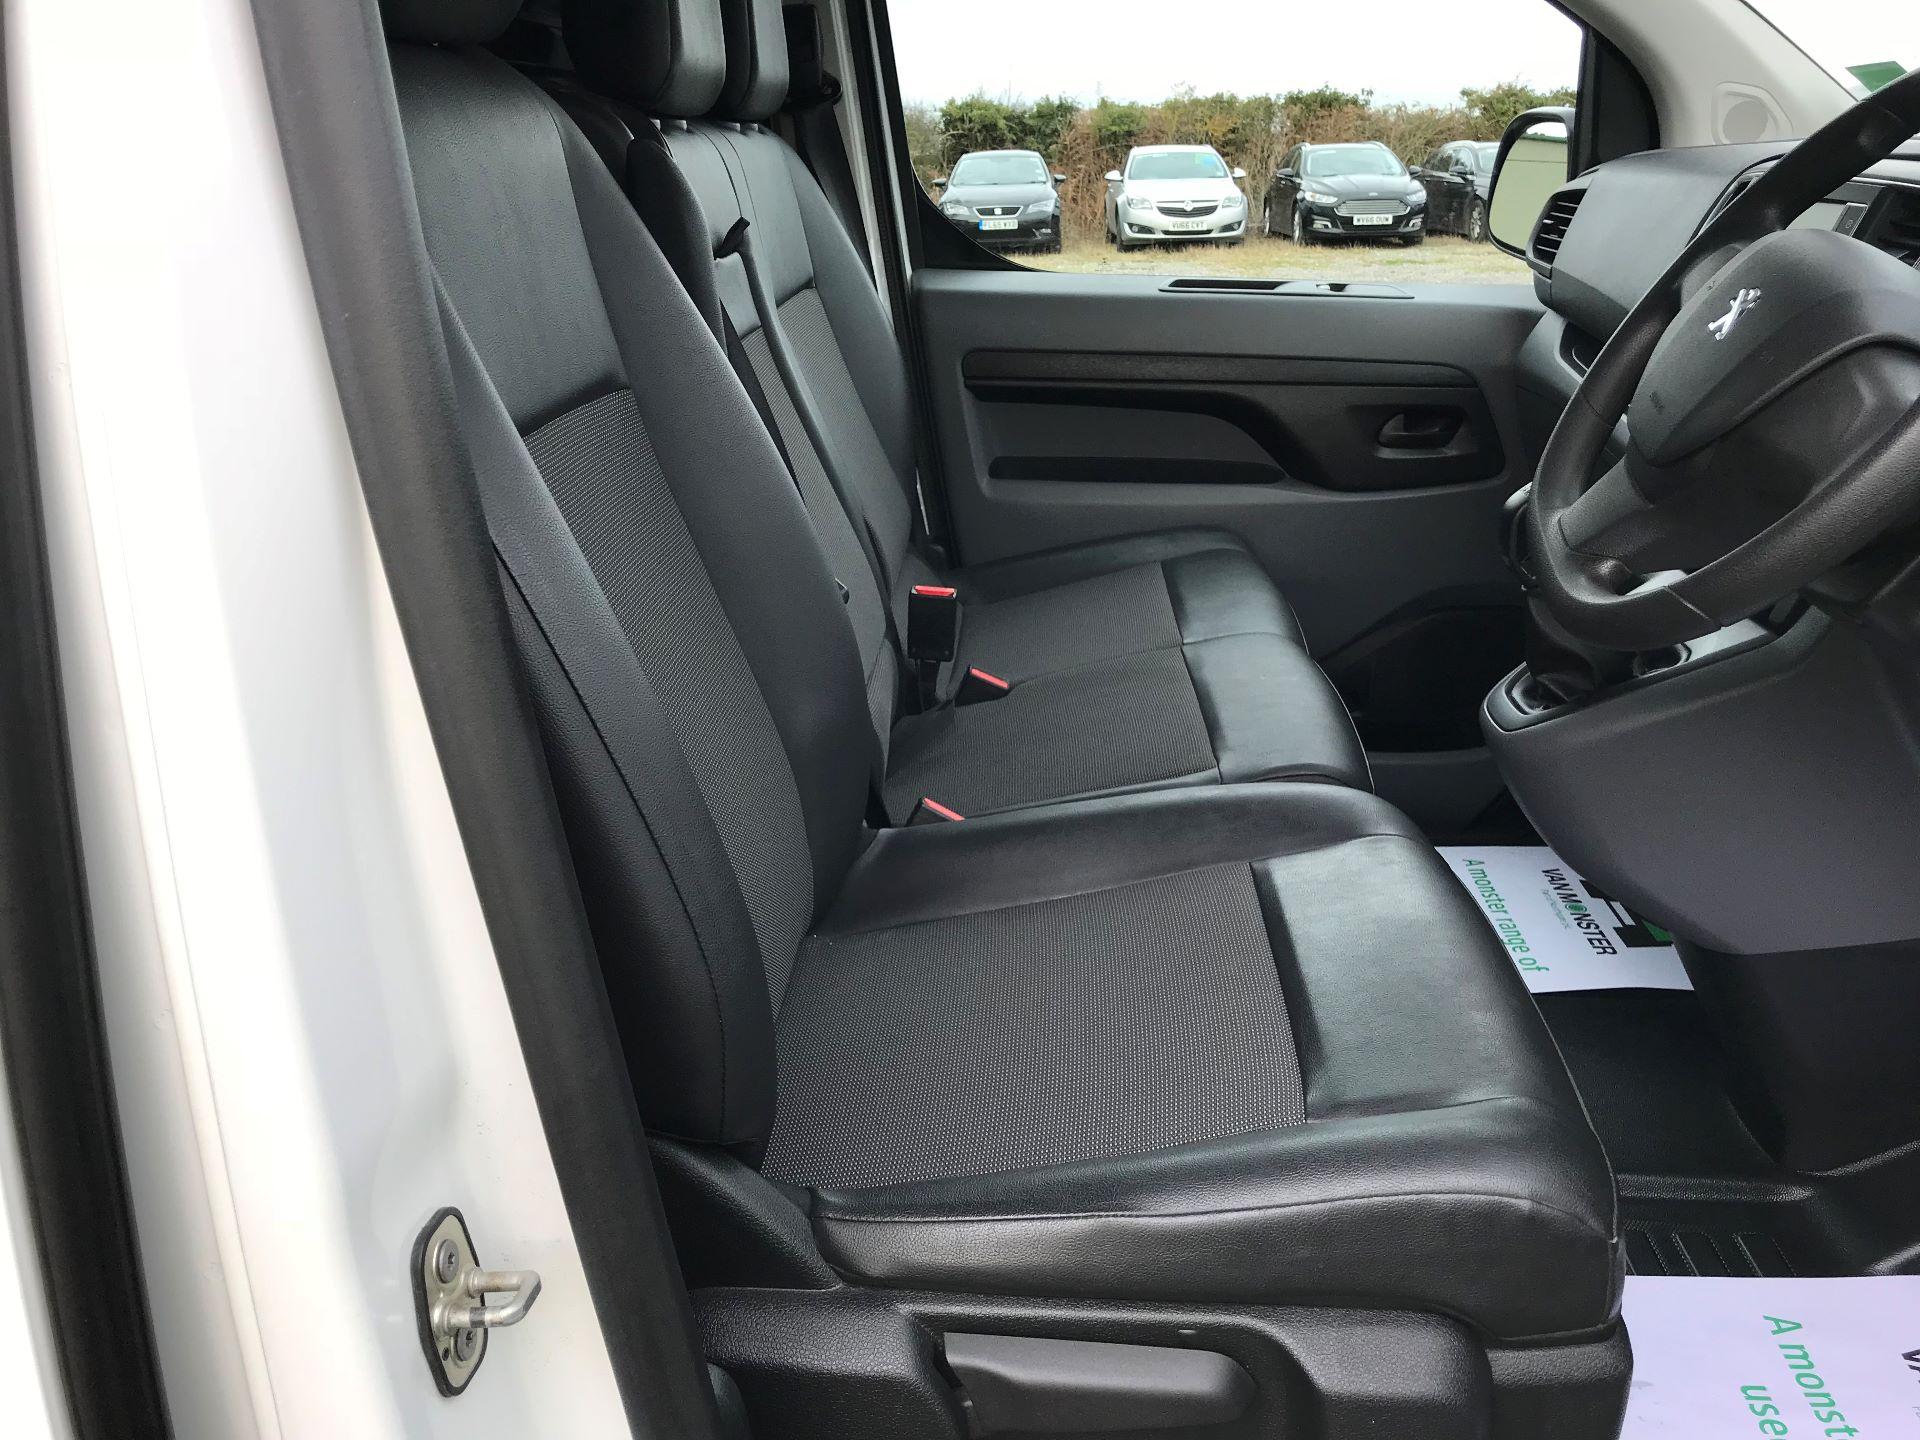 2018 Peugeot Expert STANDARD 1000 1.6 BLUEHDI 95 PROFESSIONAL EURO 6 (NU18VXL) Image 21
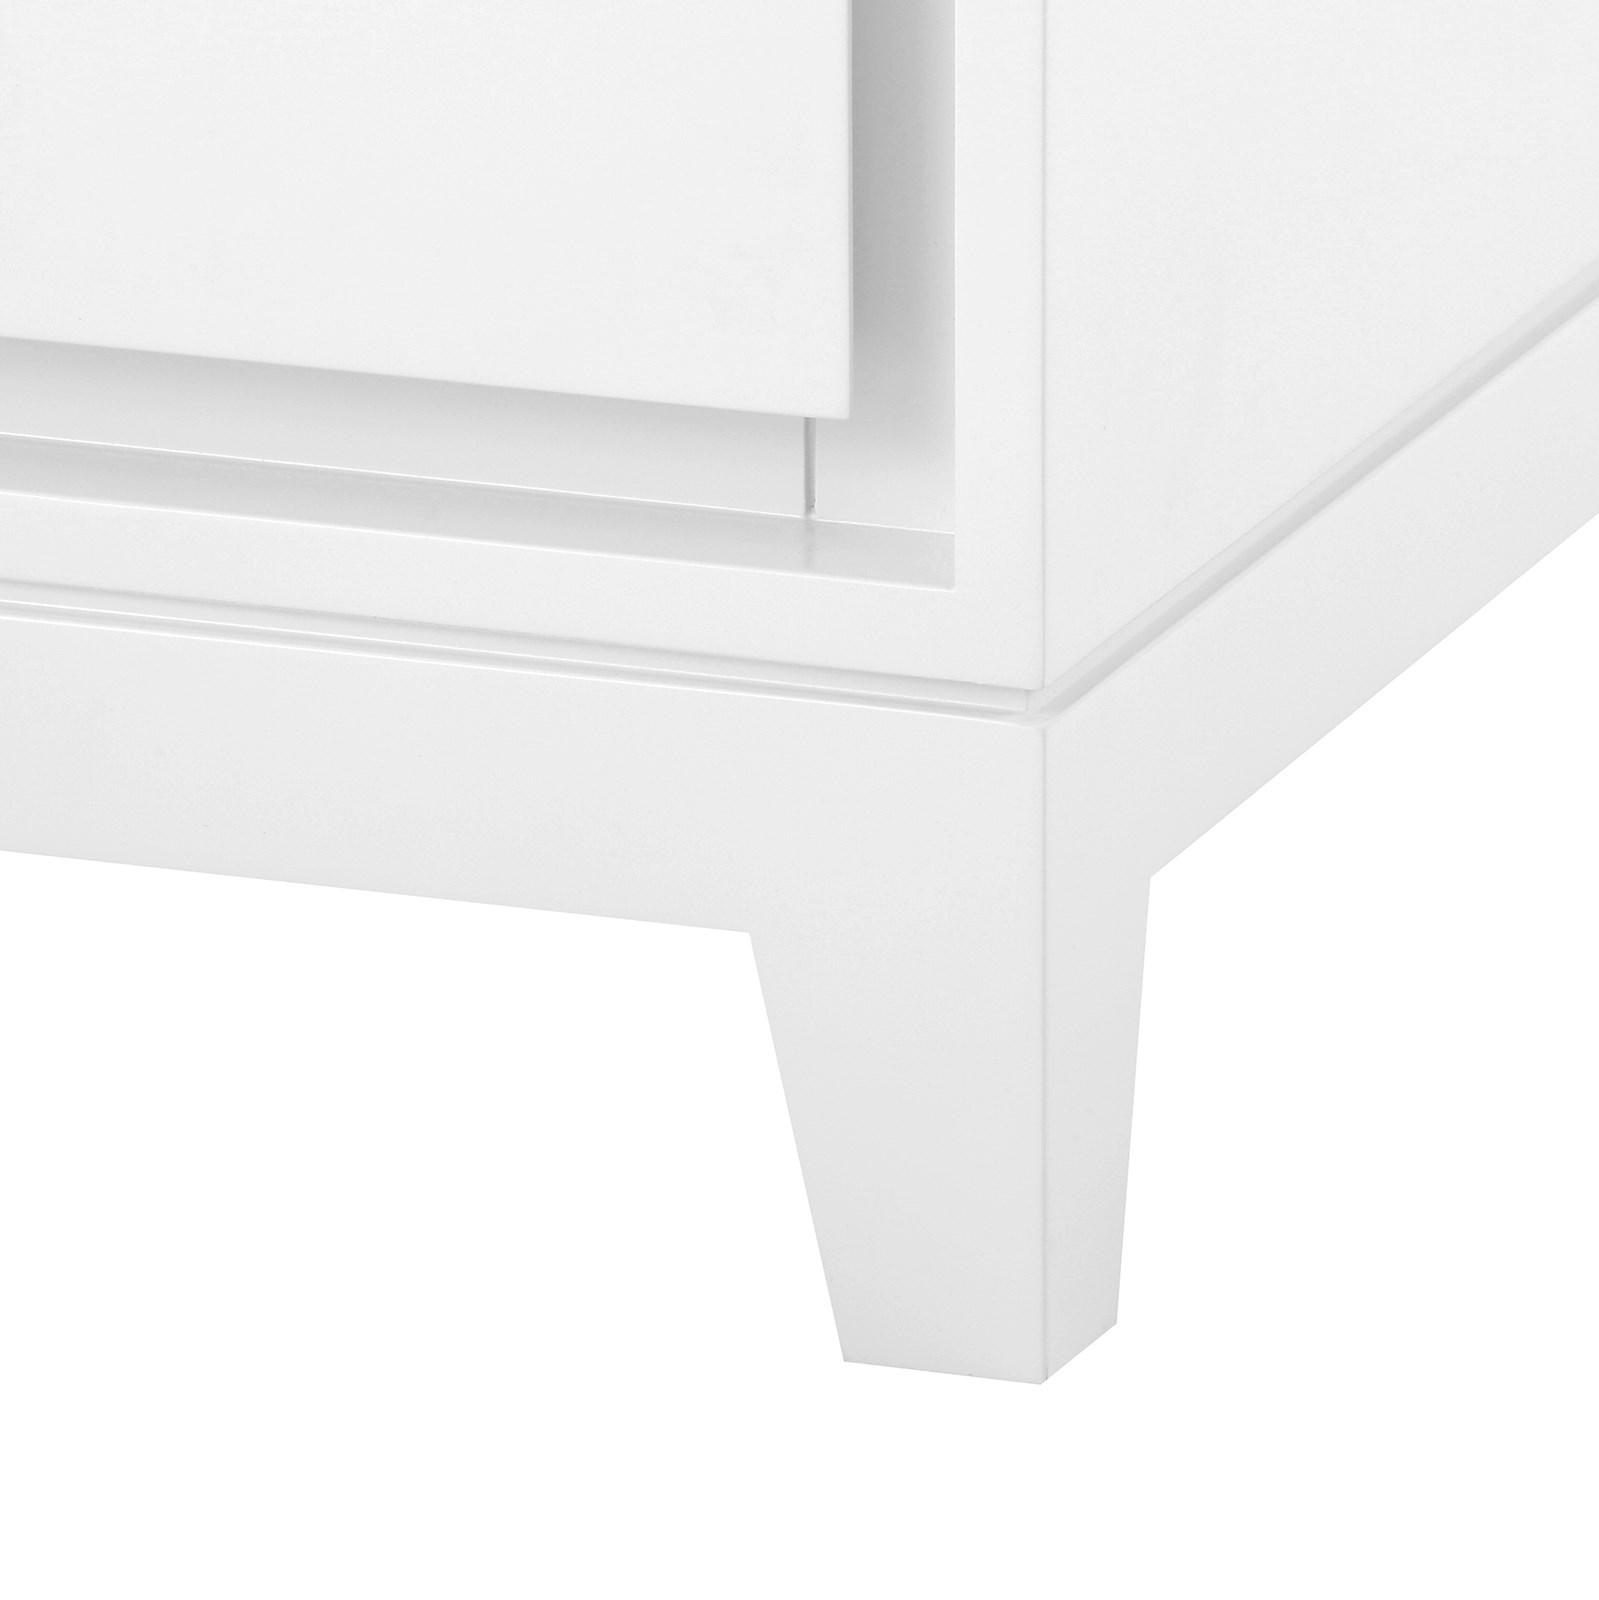 Bergamo 3 drawer side table white bungalow 5 bergamo 3 drawer side table white geotapseo Choice Image
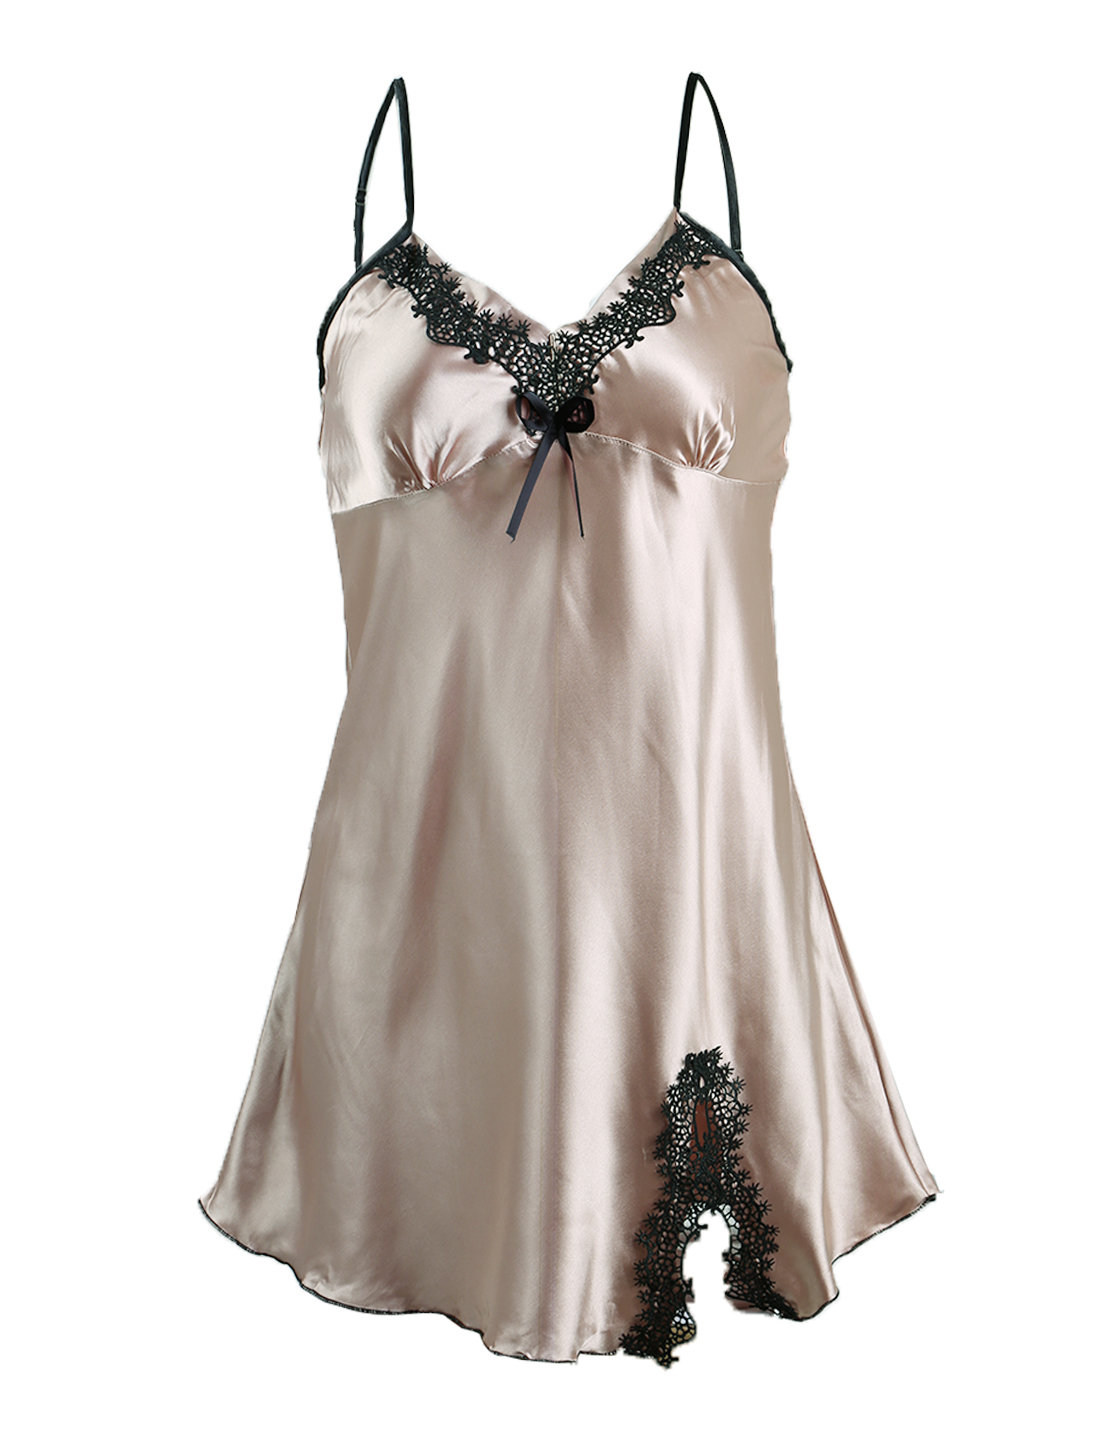 Women Satin Lace Trim Sleepwear Nightgown Pajama Slip Dress Champagne-Floral XL

================

* [What needs to be done]
For this exercise, give the listing again exactly as written, with the pictures omitted.

* [Written solution]
 2018 Peugeot Expert STANDARD 1000 1.6 BLUEHDI 95 PROFESSIONAL EURO 6 (NU18VXL) Image 21
 Bergamo 3 drawer side table white bungalow 5 bergamo 3 drawer side table white geotapseo Choice Image
 Women Satin Lace Trim Sleepwear Nightgown Pajama Slip Dress Champagne-Floral XL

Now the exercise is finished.